Anne Evans (4 June 1820 – 19 February 1870) was an English poet and composer. She has been described as "a witty poet and skilled composer of dance songs". Her Poems and Music were published posthumously in 1880.[1] [2]
Evans was in 1820, at Frimley, Surrey,[3] near Sandhurst, the eldest daughter of Arthur Benoni Evans (1781–1854) and his wife, Anne Norman. Her father was a noted linguist and numismatist, who was a professor of classics and history at the Royal Military Academy Sandhurst, and her grandfather the Welsh-born mathematician and astronomer Lewis Evans (1755–1827).
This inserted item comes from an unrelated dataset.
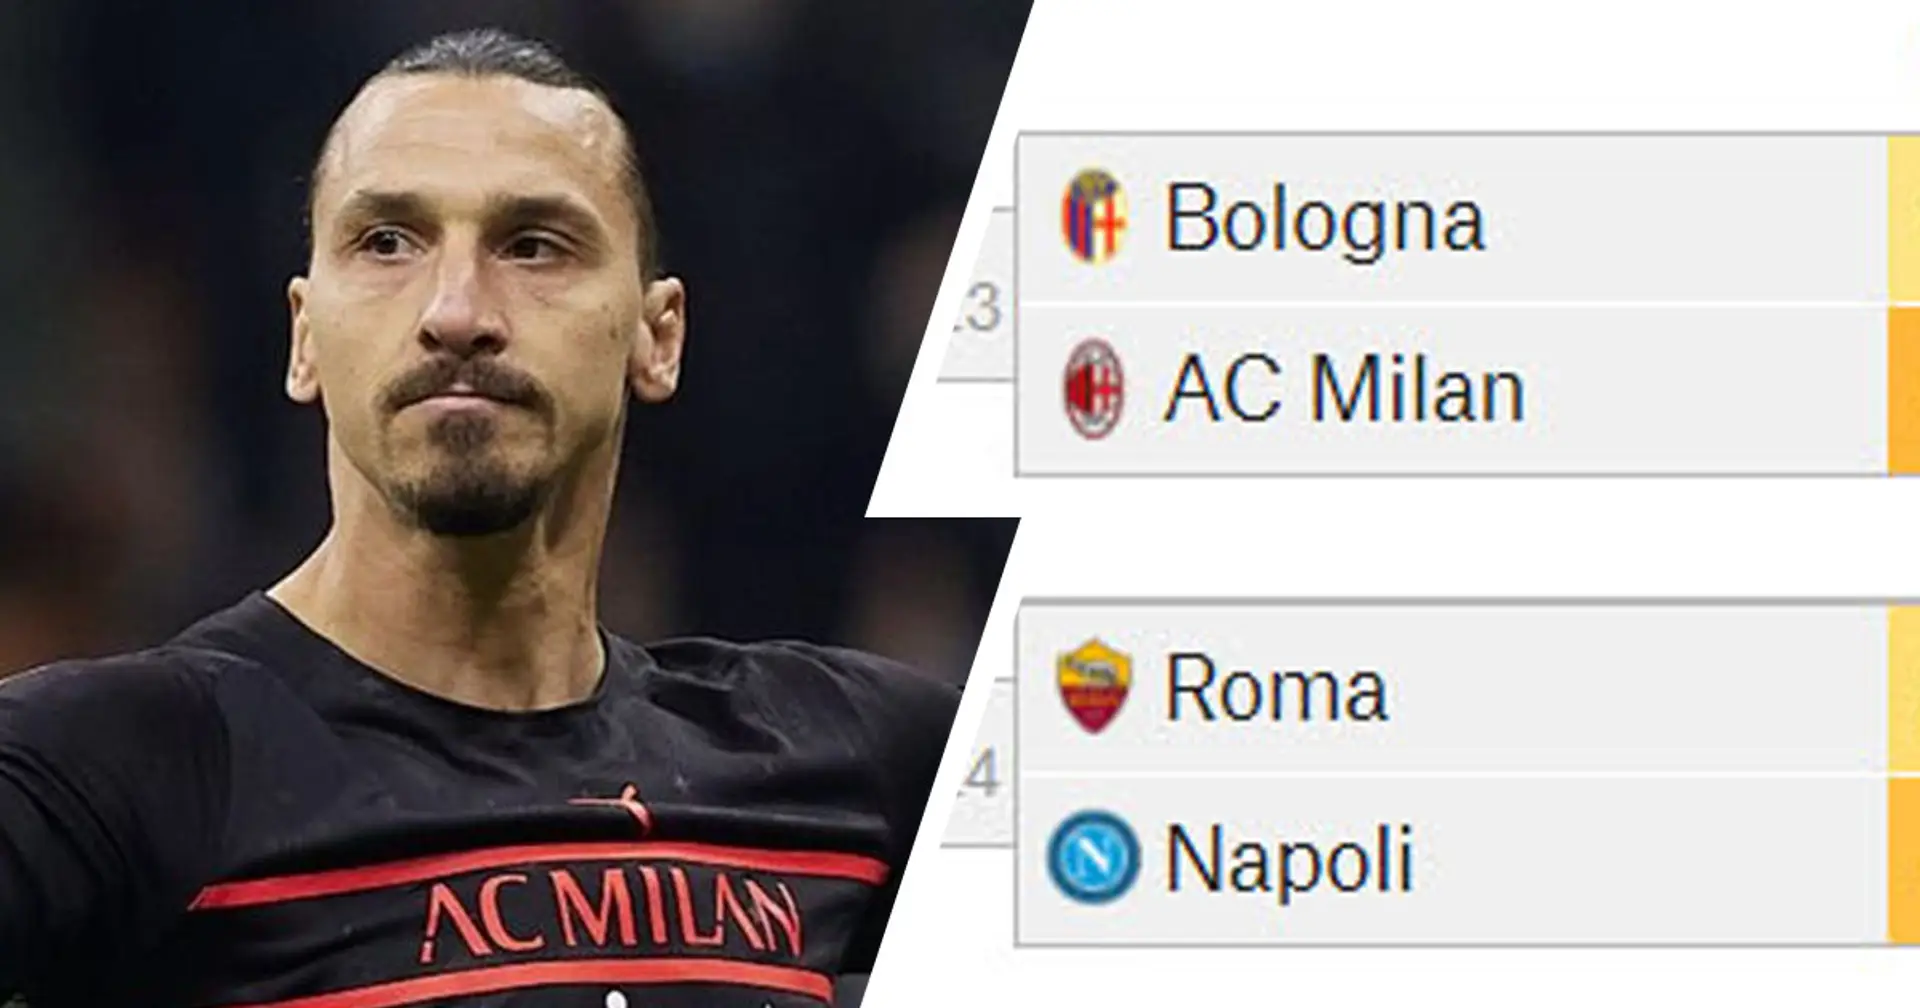 Il Milan riuscirà a battere il Bologna? Un supercomputer predice le chances dei rossoneri

Of her brothers and sisters, Sebastian Evans (1830–1909), also wrote poetry.[1] [4] [2]
The family moved to Britwell, and in 1829 to Market Bosworth, Leicestershire, where her father became headmaster of Dixie Grammar School. Anne was educated at home. After her father's death in 1854, she moved to 16 Kensington Square in London. In the 1850s she spent some time as a companion, in England and abroad, to the two daughters of the novelist William Makepeace Thackeray, the elder being the future novelist Anne Thackeray Ritchie.[1]
Evans stayed single. Her health declined in 1867 and she remained an invalid until her death on 19 February 1870. She was survived by her mother, who died in 1883 aged 91.
Evans's earliest extant poem was "Flora's Lesson".[2] She became an emotional poet by conviction. As she once remarked, "If anyone expects to find poetry without susceptibility, let him look at the sky for a rainbow without rain."[1]
Her works included sonnets, a verse drama called Maurice Clifton, and two ballads, "Sir Ralph Duguay" and "Orinda". She was noted also for her epigrams and witty definitions.[1] Her work was eventually published in an 1880 edition of her Poems and Music. This included a memorial preface by Anne Thackeray Ritchie, in which she described her as a "diffident woman, who... unconsciously touched and influenced us all by her intense sincerity of heart and purpose."[5]